The Beaumont Teen Centers are supported by donations and grants obtained by the Beaumont Health Foundation and is one of the top funds team members choose to support through the Spirit of Giving Campaign. To make a donation through the campaign, log in to your PeopleSoft HR account by the end of November and choose “Teen Health Centers” from the drop-down menu. Campaign donations will be accepted through the end of the year.

New documentation and coding practices in oneChart effective Jan. 1
Changes to the Evaluation and Management guidelines for new and established patient offices and other outpatient visits will take effect Friday, Jan. 1. This change is part of the Patient over Paperwork Initiative, which the Centers for Medicare and Medicaid Services, along with the American Medical Association, have developed and released changes to CPT code definitions for office and outpatient service codes to reduce administrative burden. At Beaumont Health, documentation and coding practices for providers will change, along with the workflow team members use in oneChart to comply with these revisions.  

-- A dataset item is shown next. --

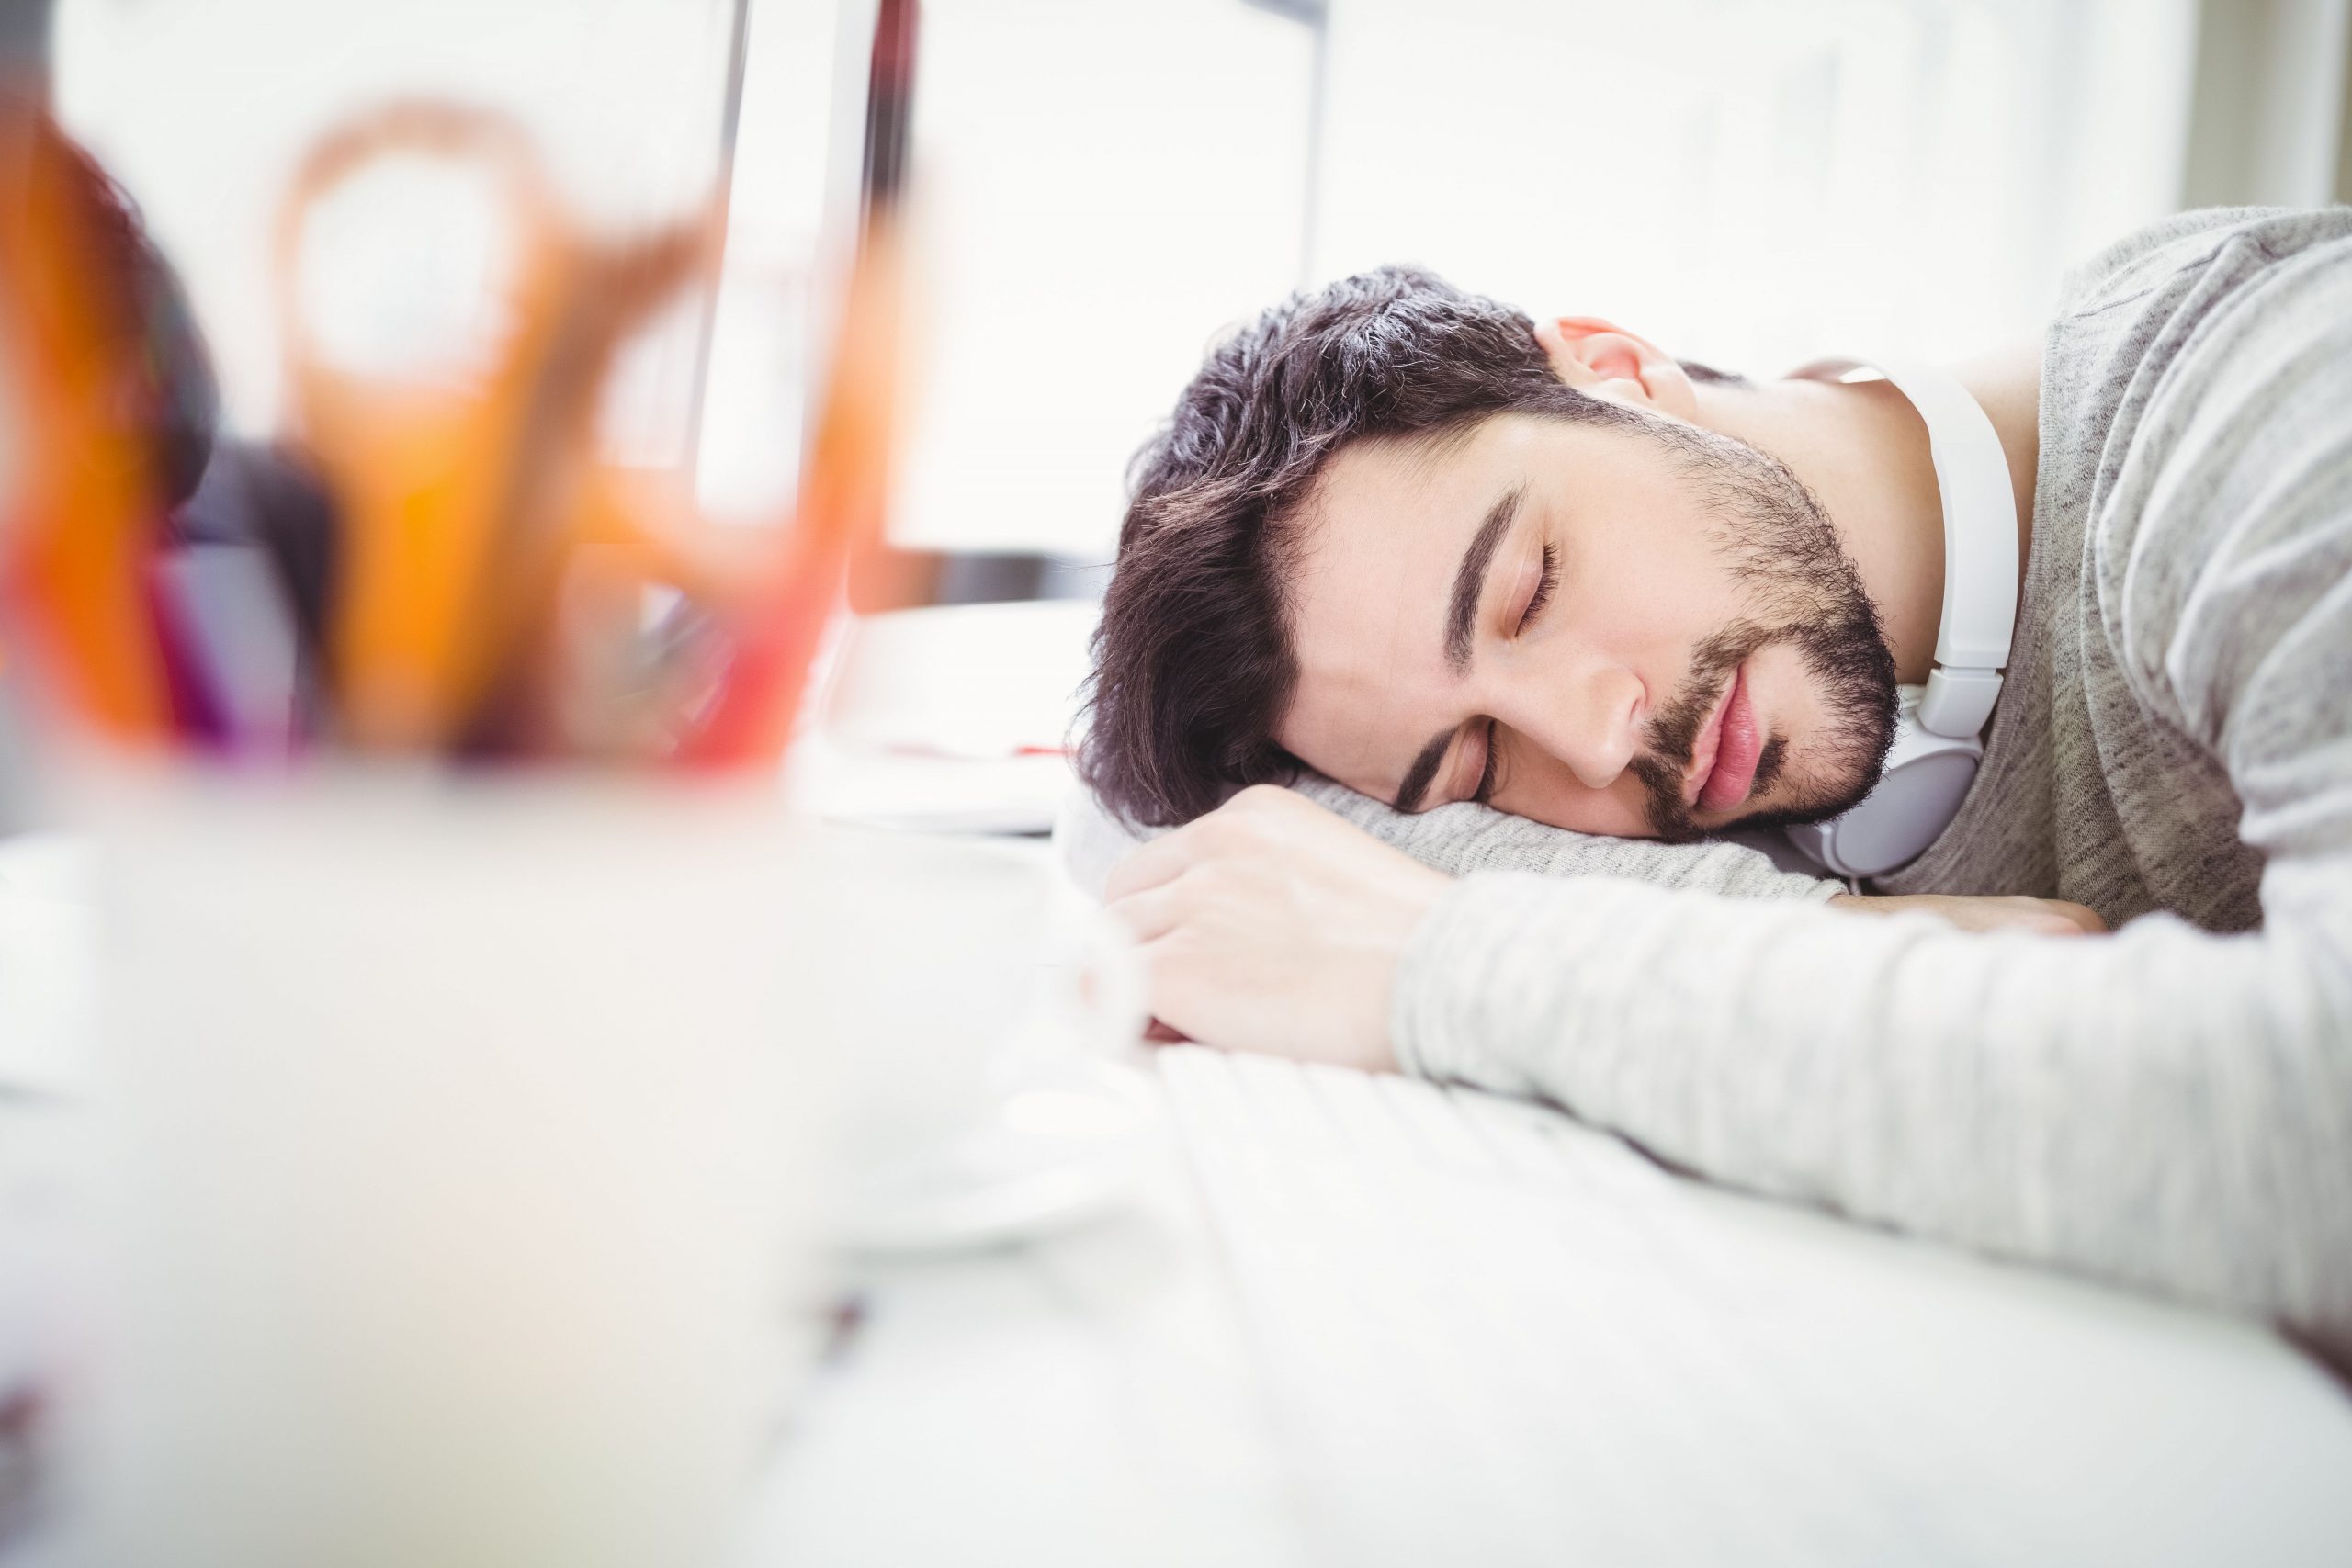 هل يمكن لأصحاب النوم الخفيف أن يناموا بعمق؟

In addition, changes to the Level of Service Calculator in oneChart are currently being tested. Training and reference materials for the new documentation requirements, coding changes and new oneChart workflow updates are being developed for Beaumont team members and employed physicians. Watch for more information coming soon. 

An update on the Microsoft windows operating system mitigation strategy
All servers and devices that are no longer maintained or supported must be upgraded to new operating systems, or become compliant, by the end of the year. Strategies have been approved by Cybersecurity to provide enough time and protection so that long-term remediation plans can be carried out in 2021. 

Plans for Desktops and Laptops:

  • Restricted access for all non-Windows 10 devices to Server Messaging Blocks/Shared drives, SQL servers and Remote Desktop Protocol, except those identified and approved exceptions that require access by a key software application.

Plans for Servers:

  • Installation of Cylance to all non-WinServer 2012-2016 servers to stop new executables by potential "bad actors" from installing malware. 

Invitations will be sent this week and next week to application owners and designated key users for testing sessions that will take place between now and the end of the year. During these meetings, invitees will be expected to help ensure that there are no issues with access and application performance as these mitigation strategies are applied.